Thinking Seriously About The Business? It’s Really Worth Taking The Time!

One of the most important factors in the life of the leader is simply thinking about his/her organisation.   Easily said but how often do we actually take time out to reflect on the business and our part in it?  We may think ABOUT it, yes, but do we also think INTO it?

It may be a subtle difference but it is well worth the consideration.  We can almost substitute “worry” for “think” in so many instances when we really ought to be quietly cogitating on the business and its future outside the day to day detail.
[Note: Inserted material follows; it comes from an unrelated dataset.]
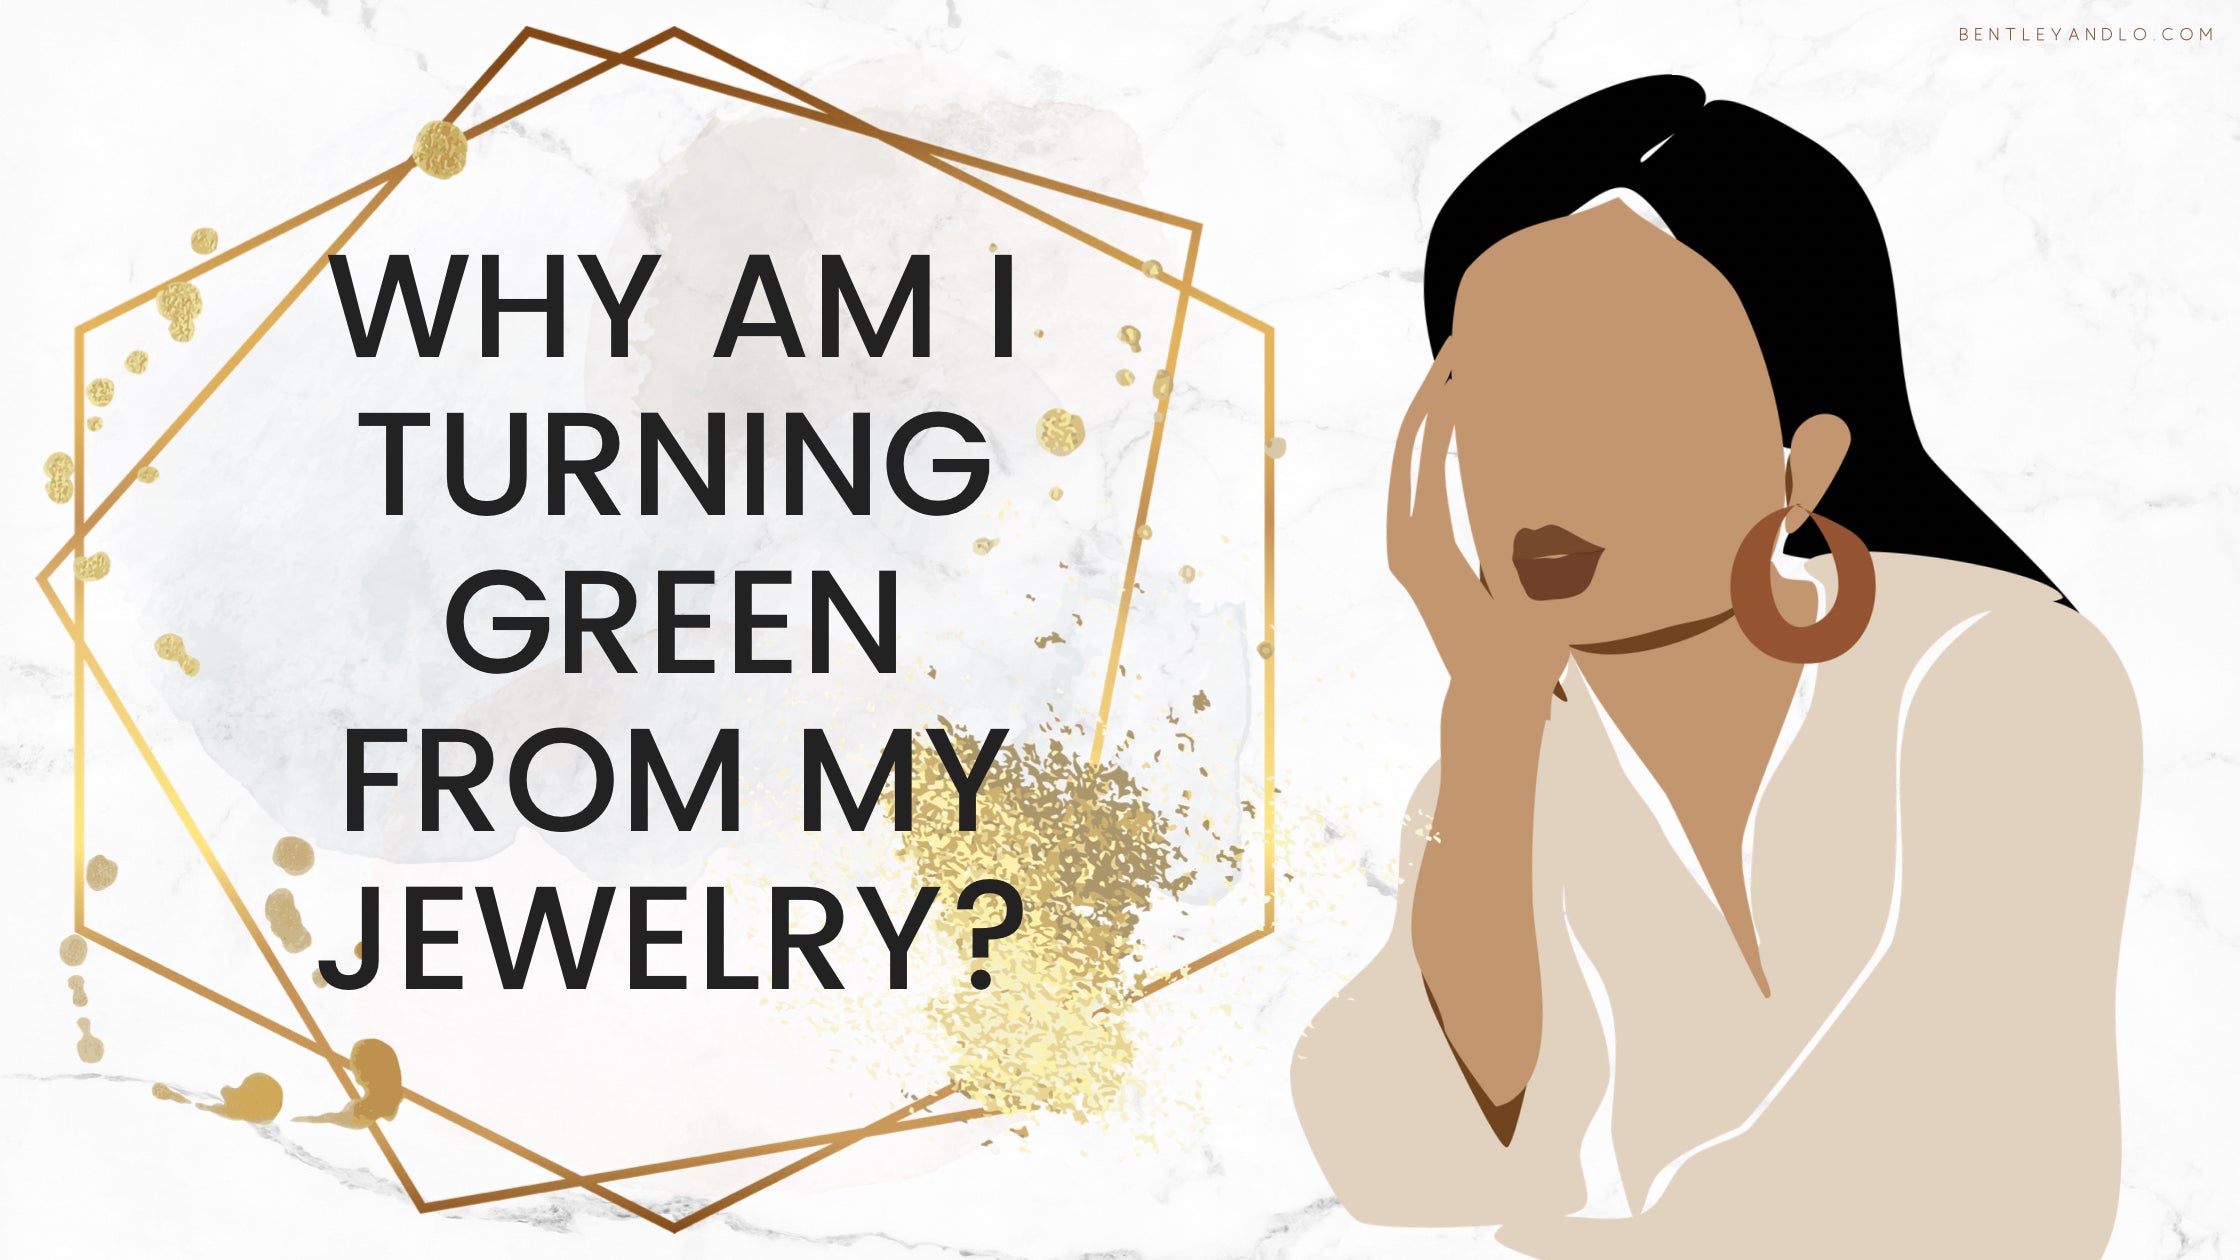 Why Am I Turning Green From My Jewelry?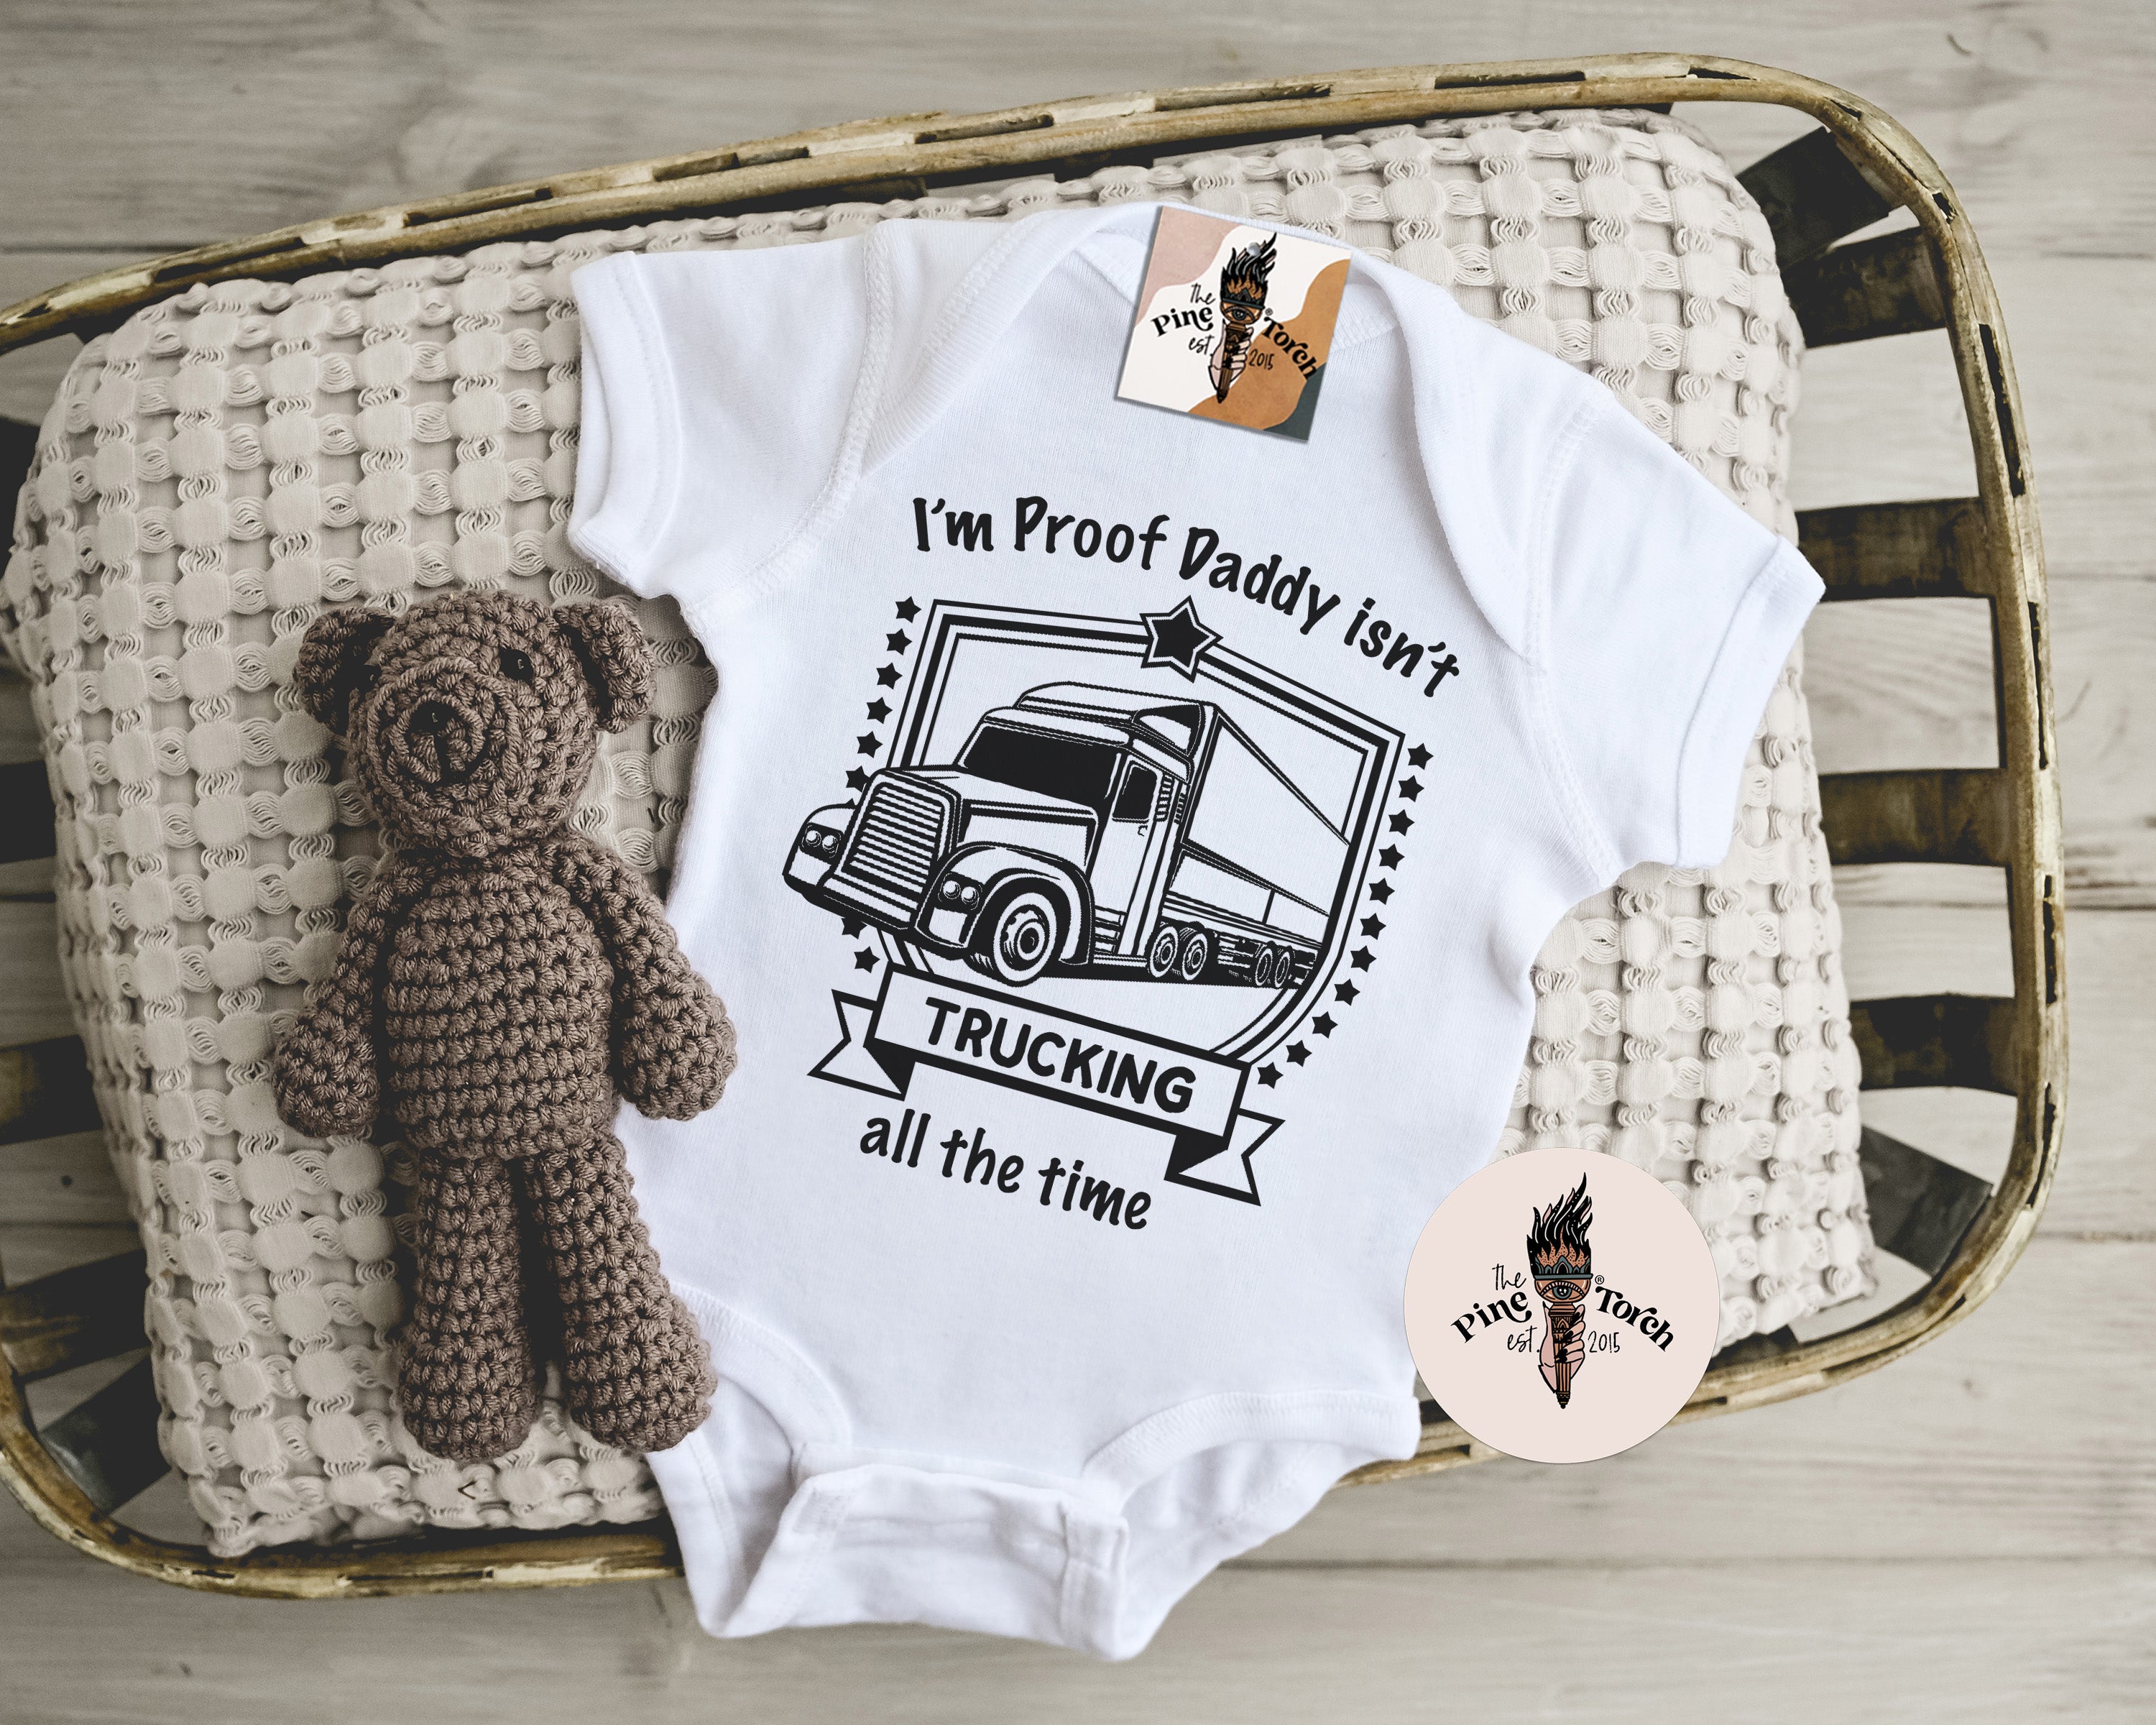 « I'M PROOF DADDY ISN'T TRUCKING ALL THE TIME » BODYSUIT

In that wonderful film, Bridge of Spies, the defence attorney asks the spy “Aren’t you worried about your possible fate?” and the spy replies “Why, would it help?:
One of the most significant parts of the Vistage experience is the annual retreat for the whole group where we go away to a pleasant venue and spend time together.   Some groups in the UK have been overseas and my group had a memorable (for many reasons) retreat in a castle in Scotland which was next door (about four miles away in fact) to the legendary Castle of Dunsinane.
That sort of retreat is in a group context and on the other hand, Vistage speaker, Walt Sutton, reminds us of the saying of golfer Sam Snead who said “Take time out to smell the roses”.  Walt encourages leaders to take time out for a solitary retreat which he describes as taking a metaphorical walk on the beach. No smart phones or notebooks.  Just a quiet walk and perhaps work on an issue that is taking up too much time right now.
It is vital for the leader to realise that he/she is generally the only person in the business who actually thinks about it holistically, about its present and its future, about its vision and about its potential.
Yes, everyone in the business will give some thought to their job and its manifestations, but only the leader thinks about the business in a holistic sense.  That thinking time is vital for the future of the business and it is usually the last thing in which the leader indulges.
There seems to be an inherent sense of guilt at apparently not doing anything visibly tangible but just sitting quietly and thinking.   One member of my group did just that for a full day (after a lot of encouragement) to think about a relatively difficult issue in the business. When I asked him what had happened he said:
“At the end of the thinking day, nothing at all, but a couple of days later, ideas started to pop out and I was able to attack the problem”.
It is known that if we consider a problem, then close down and forget it, the brain continues to work on it subconsciously.  Even if there doesn’t seem to be an immediate answer (our brain is not a smart phone) the answer can pop up seemingly out of the blue a day or two later.
Remember that if the leader doesn’t apply serious thinking to the business and its future, no-one else will and the future will just happen for good or bad.  

Go smell those roses.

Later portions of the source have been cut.